I always reflect (now don’t be cheeky), I’m not talking about me looking in the mirror to check I am sharp without creases. It’s a sit down every once in a while to look at where I was, how my journey is unfolding, what I have learnt and what I have achieved from my goals.
My reflection time normally happens when I do my ironing. My me time, listening to some tracks and deep in thought and guess what... I have just finished 3 hours worth of ironing which has given me loads of time to look back.
This week I was asked a question about where I was 3 years ago.
I really hadn’t given it a whole lot of thought because I’m just moving forward, so as I had the time here is my reply to this question.

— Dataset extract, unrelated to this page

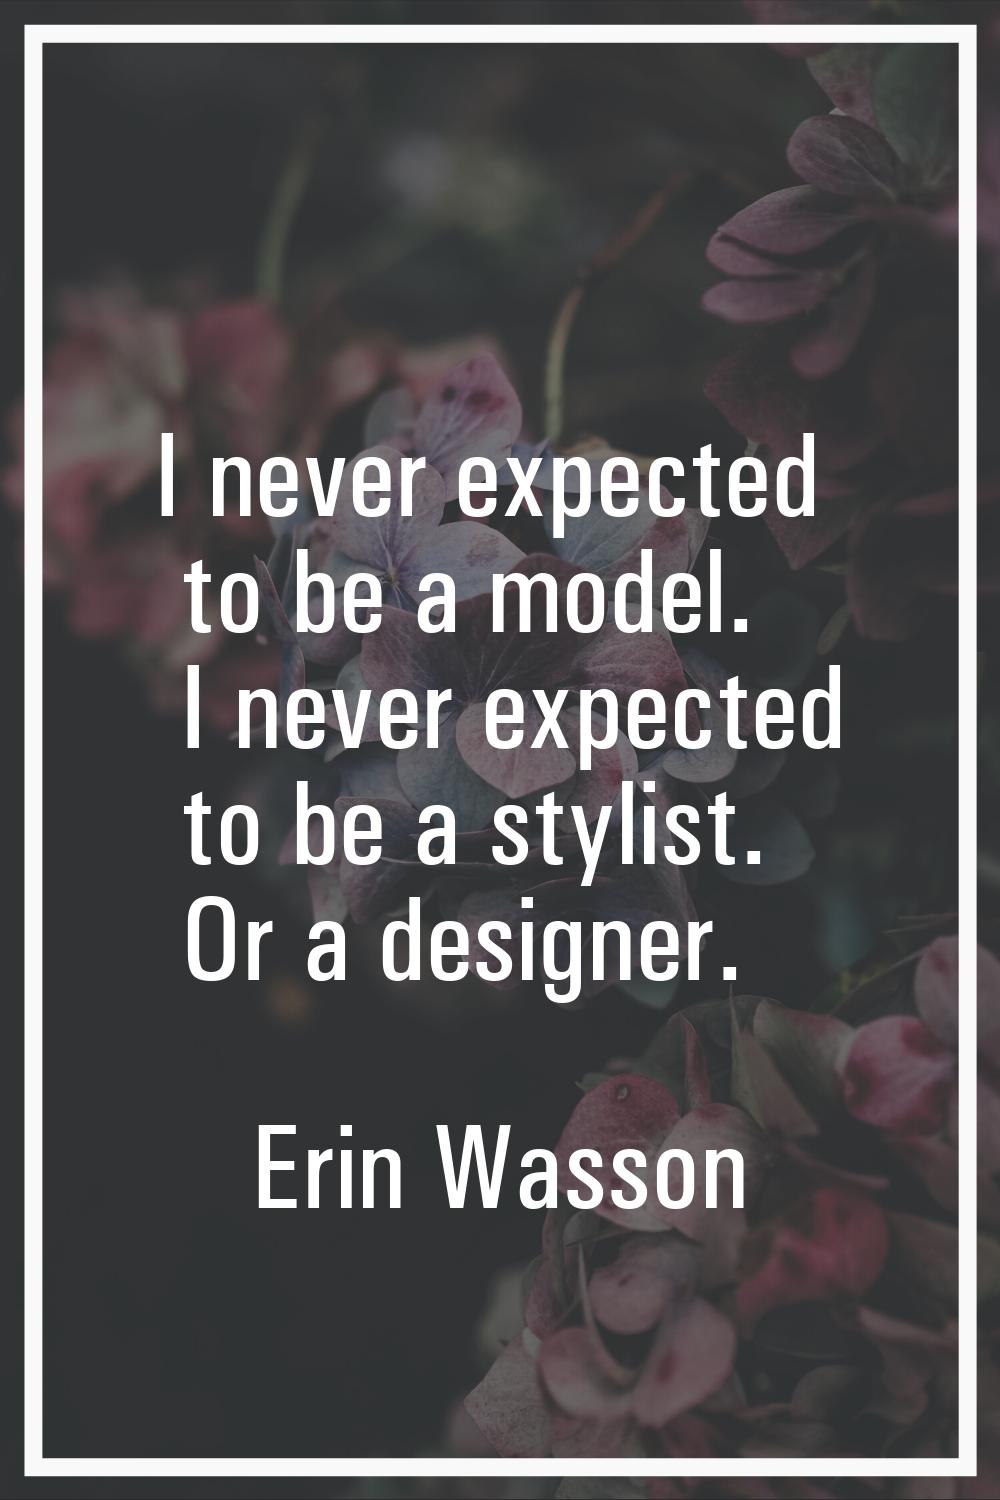 I never expected to be a model. I never expected to be a stylist. Or a designer.

Where were you 3 years ago?
3 years ago I was homeless, you heard me right yes... homeless.
And in those 3 years I’ve had such a crazy time, especially when you look back.
My life had been turned on it’s head, I relocated starting from zero. For me I felt like I was being reborn.

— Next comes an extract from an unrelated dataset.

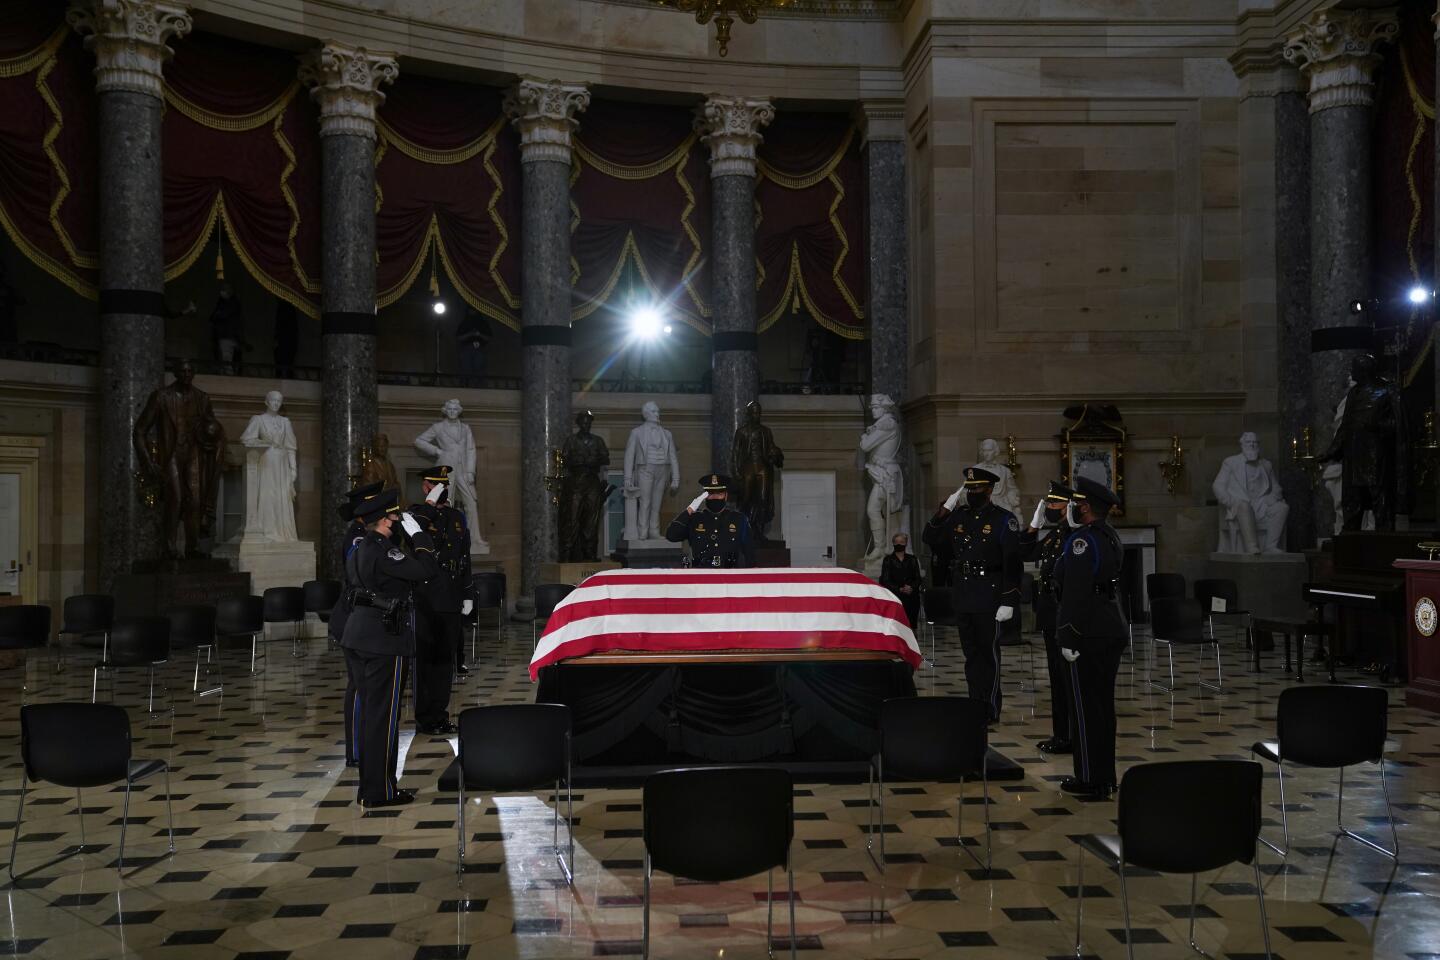 Justice Ruth Bader Ginsburg lies in state at U.S. Capitol

I know some people would find a time like that as feeling lost and lonely but I cherished having an opportunity to be looked after and I couldn’t have been luckier than to have found two such loving people to have taken me in, nurtured my spirit and soul and treated me as their own.
This loving environment gave me hope, inspiration and energy. This enabled me to recharge, grow, experience life through a child’s eyes. In turn this reignited my creativity, ambitions, drive and made me feel all my dreams could come true. Again much like a child.
So I guess 3 years down the line my journey has been both exciting, rewarding and has seen so many of those hopes and dreams come true.
So being involved in television productions, seeing my brand Jay & Co grow and elevate, loving the furniture I have been lucky enough to work on. Meet so many new people in my work and private life that have been a joy to be with. Having new and inspiring collaborations. Being able to give back and help, mentor and nourish those less fortunate than myself.
So this time has been emotional, uplifting, amazing and fulfilling. I really believe life’s lows or testing times makes me fully appreciate the highs and successes. It’s never been about patting myself on the back because I haven’t achieved all the hopes and dreams just yet. There is plenty more to come from me but I guess it’s good to realise where you have been, are now and will be in the future.